Experts remind clinicians that even with screening, only a small proportion of survivors — in the language of DV, “survivor” refers to an individual who seeks help during or after leaving a harmful relationship — disclose abuse when screened in health care settings. Those same experts also underscore the importance of regular and repeated screening. In a 2018 interview in the Rural Health Information Hub publication Rural Monitor, Dr. Gregory Della Rocca, an orthopedic trauma surgeon at the University of Missouri, shared his experience with disclosures.
“I get referrals for acute traumatic injuries and injuries that haven’t healed correctly,” Della Rocca says. “That means I will see patients multiple times until the injury heals, sometimes up to seven times in a year. For some of those patients, that might mean seven screening opportunities, compared to a primary care provider’s annual screen or an ER doctor’s one-time occasion. It’s important to point out that sometimes it’s that seventh time when a patient finally has the courage to say, ‘I didn’t fall down the stairs. I was pushed.’”
Under normal circumstances, a health care organization’s screening practices might be linked to a mandatory solo patient rooming protocol. However, because of recent distancing requirements that are shifting care to telehealth, Futures Without Violence health program manager Kate Vander Tuig says that rather than screening, clinical teams should consider also shifting to a universal offering of education and resources for DV and child maltreatment.
“Regardless if a patient discloses abuse or not, with new limitations in place due to COVID-19, making sure patients get this messaging becomes even more important,” she says. “Survivors and their families are facing increased risks and we understand rural clinicians and health care organizations may feel compelled to continue domestic violence and child maltreatment screening when providing care by phone or telehealth. However, we are concerned about the safety of this practice because it’s difficult to assess who’s in the room. You don’t know who is listening or who is monitoring the contact. We recommend offering hotline information as a resource for friends and family using some type of scripted message that provides the information in a universal manner.”
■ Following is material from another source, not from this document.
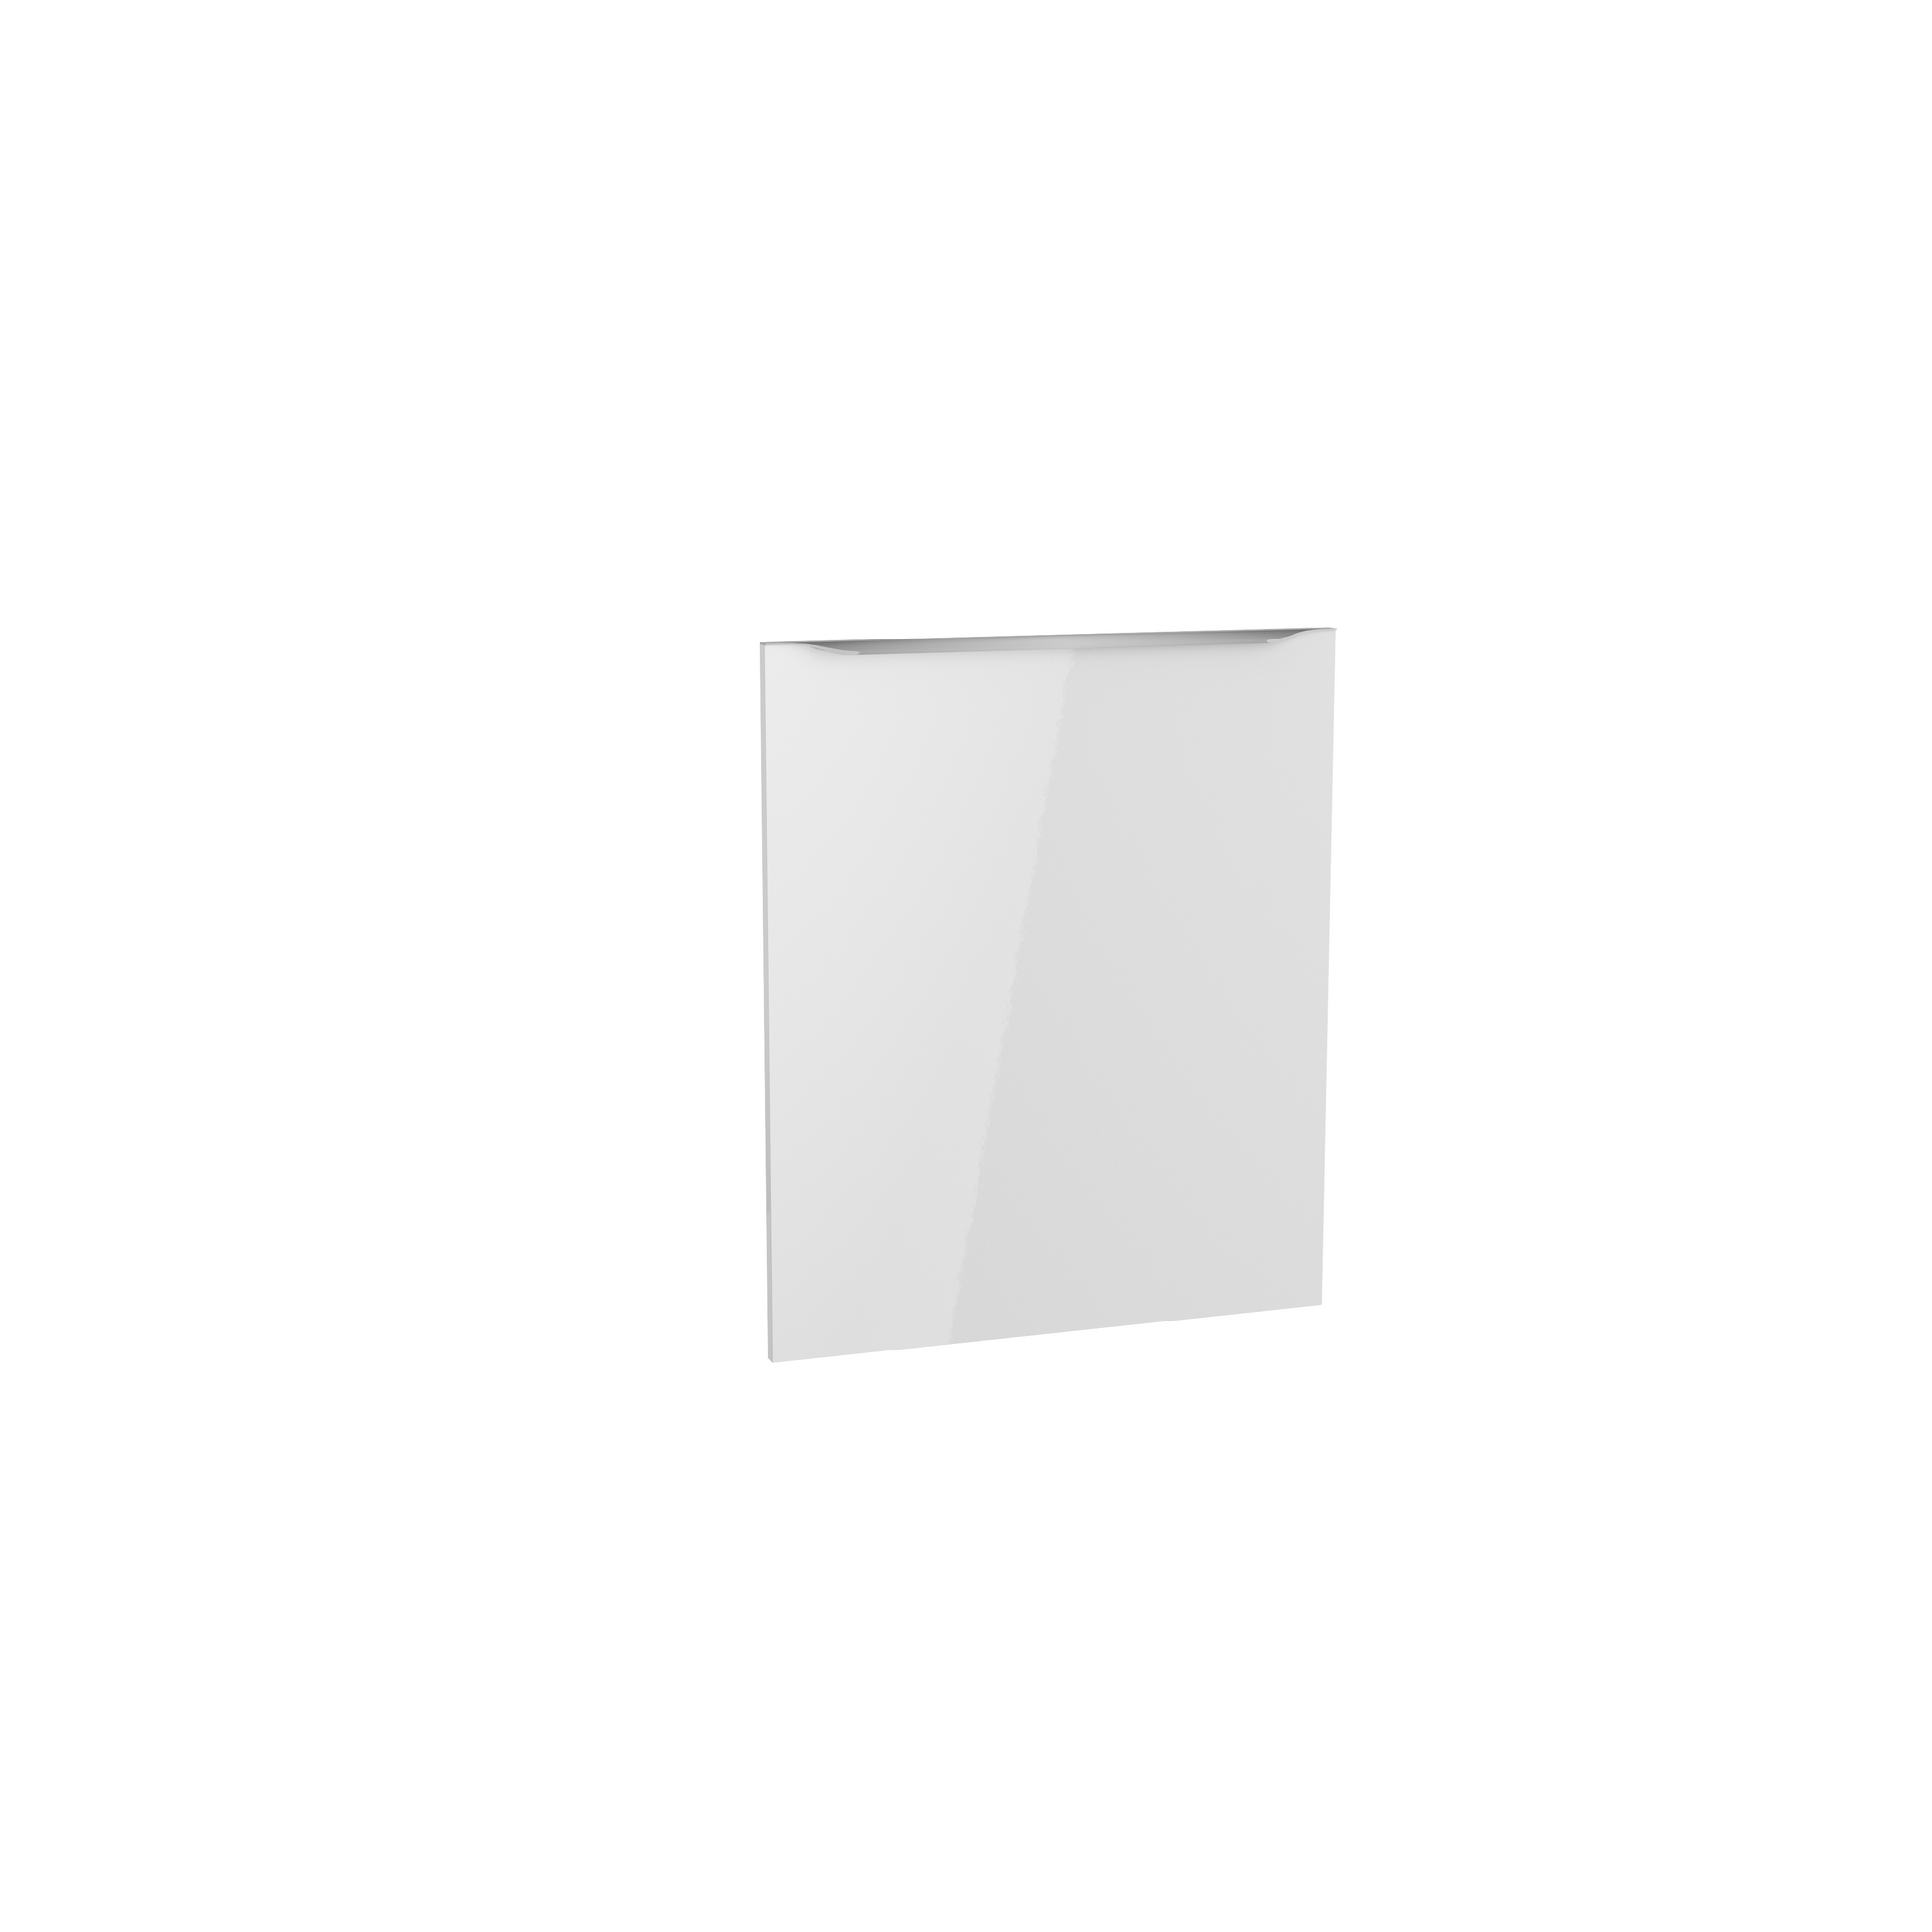 Tür für vollintegrierten Geschirrspüler 'Optikomfort Arvid986' weiß 59,6 x 70 x 1,6 cm + product picture

Vander Tuig also points out that clinical staff should be aware that the hotline is not just a resource for patients but can also be a very important resource for clinicians as they assist and support patients in complicated situations.
“Clinical providers who are also providing telehealth care in isolated surroundings should not feel alone when assisting patients who are in difficult situations,” she says. “They don’t need to feel like they have to figure this out themselves when hotlines can help them help their patients. Providers who find themselves really struggling with decisions can call the national hotline and get assistance with figuring out the best way to help a patient or a family. They should not feel alone when trying to provide this type of assistance. The hotlines exist for everyone.”
Reporting child maltreatment
Anyone can report concerns for child maltreatment. If it is an emergent situation, call 911. In nonemergent situations, how and where to report varies by location.